Blood Fever
- Puffin Books 2006 British paperback edition.
- Author: Charlie Higson
- Language: English
- Series: James Bond / Young Bond
- Genre: Spy novel
- Publisher: Puffin Books
- Publication date: 5 January 2006
- Publication place: United Kingdom
- Media type: Print (Hardcover and Paperback)
- Pages: 384 pp (first edition, paperback)
- ISBN: 0-14-131860-0 (first edition, paperback)
- OCLC: 62132226
- Preceded by: SilverFin
- Followed by: Double or Die

= Blood Fever =

2006 novel by Charlie Higson

Blood Fever is the second novel in the Young Bond series depicting Ian Fleming's superspy James Bond as a teenager in the 1930s. The novel, written by Charlie Higson, was released in the United Kingdom on 5 January 2006 by Puffin Books.

==Plot summary ==
Blood Fever begins with a prologue during which a young girl named Amy Goodenough is aboard her father's yacht in the middle of the Mediterranean sea when it is boarded by a band of pirates under the command of Zoltan the Magyar. Zoltan's men ransack the vessel and murder Amy's father, who was unwilling to part with his priceless possessions. When Amy fails to get revenge by throwing a knife at Zoltan and hitting him in the shoulder, she is taken prisoner but swears she will one day succeed in achieving vengeance.

Following the events of SilverFin, James Bond is back at Eton where he is now a member of a secret risk-taking club known as the Danger Society. As summer holidays approach, James is given the opportunity to go to Sardinia on a field trip with one of his professors, Peter Haight and a colleague, Cooper-ffrench. While in Sardinia Bond plans to visit his cousin Victor Delacroix (a relation of Monique Delacroix, James deceased mother).

Prior to leaving, Bond learns of the tragedy that took place on the Goodenoughs' yacht from Amy's brother Mark, who attends Eton and is a friend of Bond's. Bond also witnesses a mysterious group whose followers are marked on both of their hands with an "M" (double M), which James eventually learns is the mark of the Millenaria, a defunct secret Italian society that has had plans throughout history to restore the Roman Empire.

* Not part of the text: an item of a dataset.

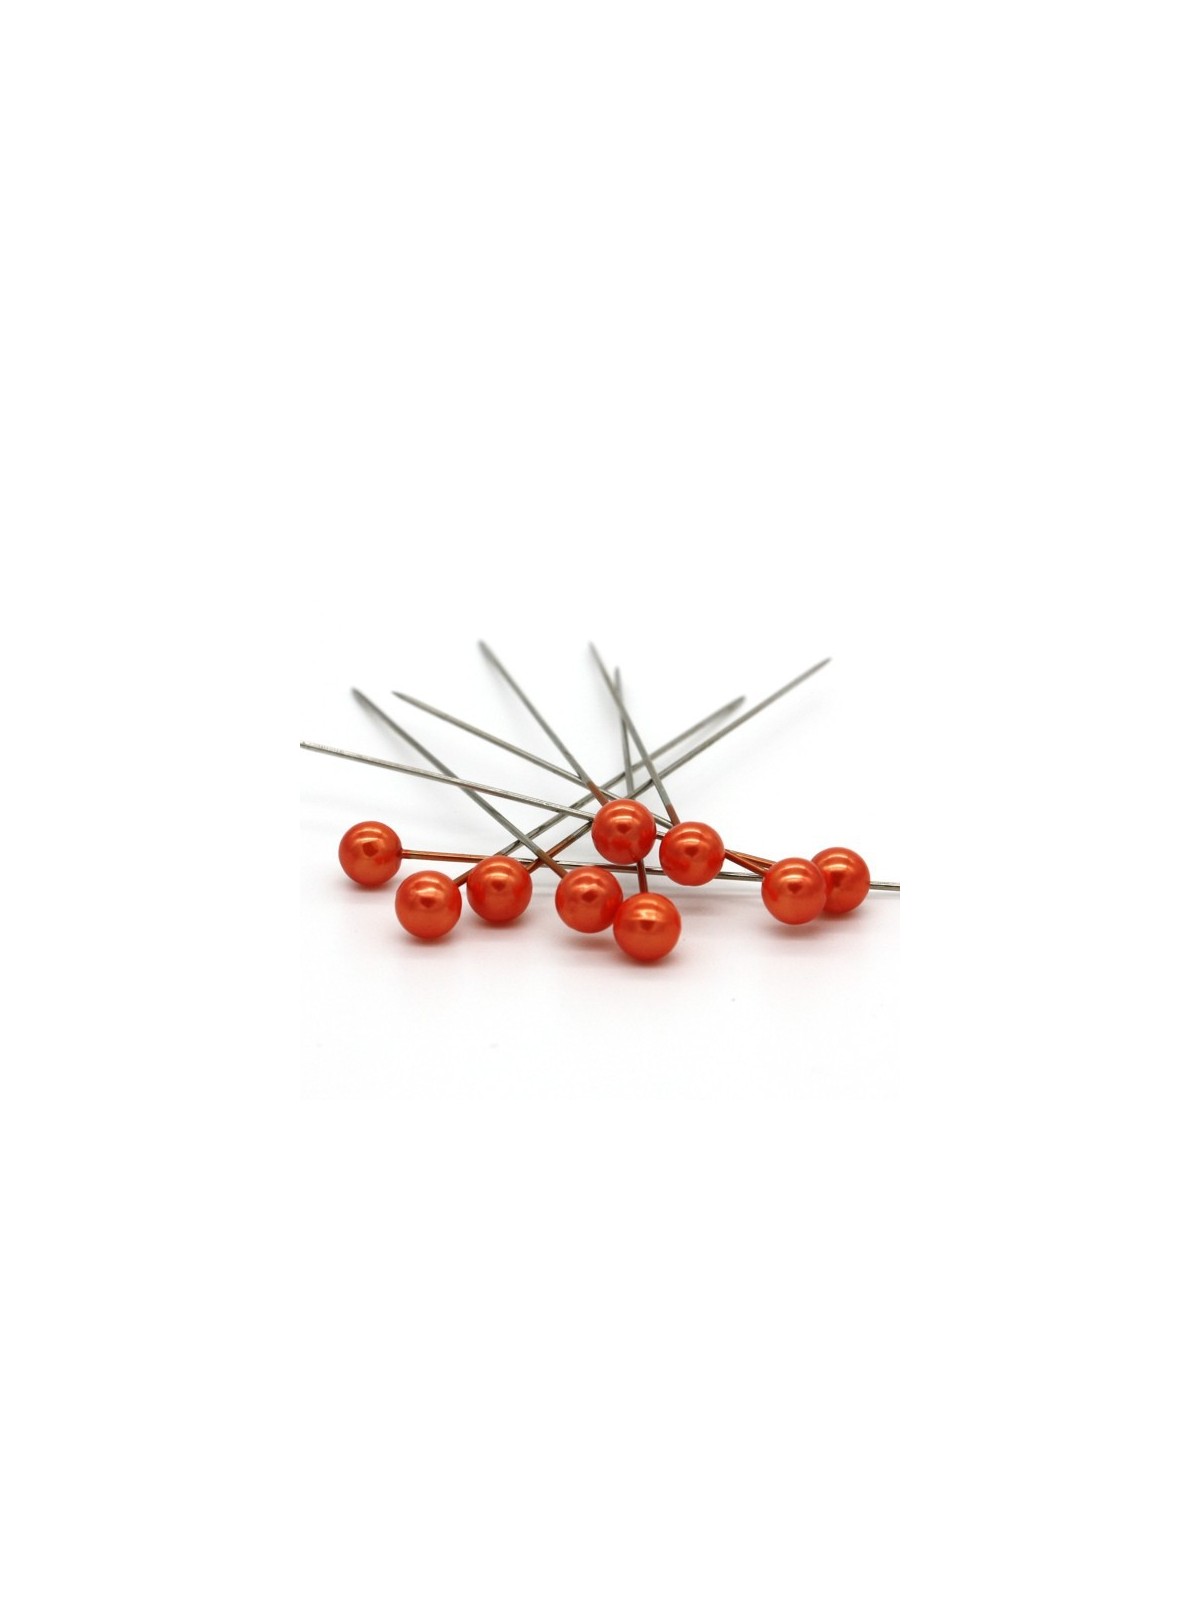 Dekorative pins - orange Perle - 65mm/9stück

Once arriving in Sardinia, James and his classmates begin a tour of the country to learn its history, during which Bond is poisoned (though the reader is not aware of it at the time) and almost killed. Bond departs from his classmates to spend time with Victor, Victor's artist friend Poliponi, and his teenage servant Mauro. Victor also hosts Count Ugo Carnifex, who is later identified as the leader of the reorganized Millenaria. Carnifex achieves the funding for such a task, as well as for his palace located high in the mountains of Sardinia, and his lavish lifestyle, by hiring pirates such as Zoltan the Magyar to plunder valuable items; however, Carnifex is a fraud who cannot actually afford to compensate his "employees". Additionally, when Zoltan arrives at Carnifex's palace, Carnifex declares ownership over Amy Goodenough, much to the great annoyance of Zoltan, whom during his travels to Sardinia had formed a unique and strange bond with Amy.

Later Bond is once again reunited with his classmates who are now in a town near Carnifex's palace. One night, Bond sneaks into the palace and finds Amy's cell, but is unable to rescue her and instead informs Haight. However, Haight reveals himself to be a loyal servant of Carnifex and that he had earlier attempted to poison James for asking too many questions about the Millenaria. Carnifex subsequently tortures James by tying him up in a swamp and allowing him to be bitten by mosquitoes, reasoning that one of them will be a carrier of malaria. Bond is rescued by Mauro's sister, Vendetta, who helps him rescue Amy.

Losing patience, Zoltan turns against Carnifex by flooding his palace. Carnifex is killed when the waters sweep his sea plane into him. After the destruction of the palace, Bond and Amy return to Victor Delacroix's villa, but are ambushed by Haight. Bond and Amy are saved by Zoltan, who gives his life for their protection in the process. Amy and Bond arrive at Victor's villa, where Carnifex's sister Jana is waiting for them. Bond tricks her by jumping into the sea, while Victor distracts her. Jana slips and falls into a bed of sea urchins, where she finally dies from the pain and poison. As Bond and Amy wade to the surface, Amy suddenly steps on a sea urchin. Bond knows exactly how to remove it.

==Awards and nominations==
- Blood Fever won a Blue Peter Book Award in 2006.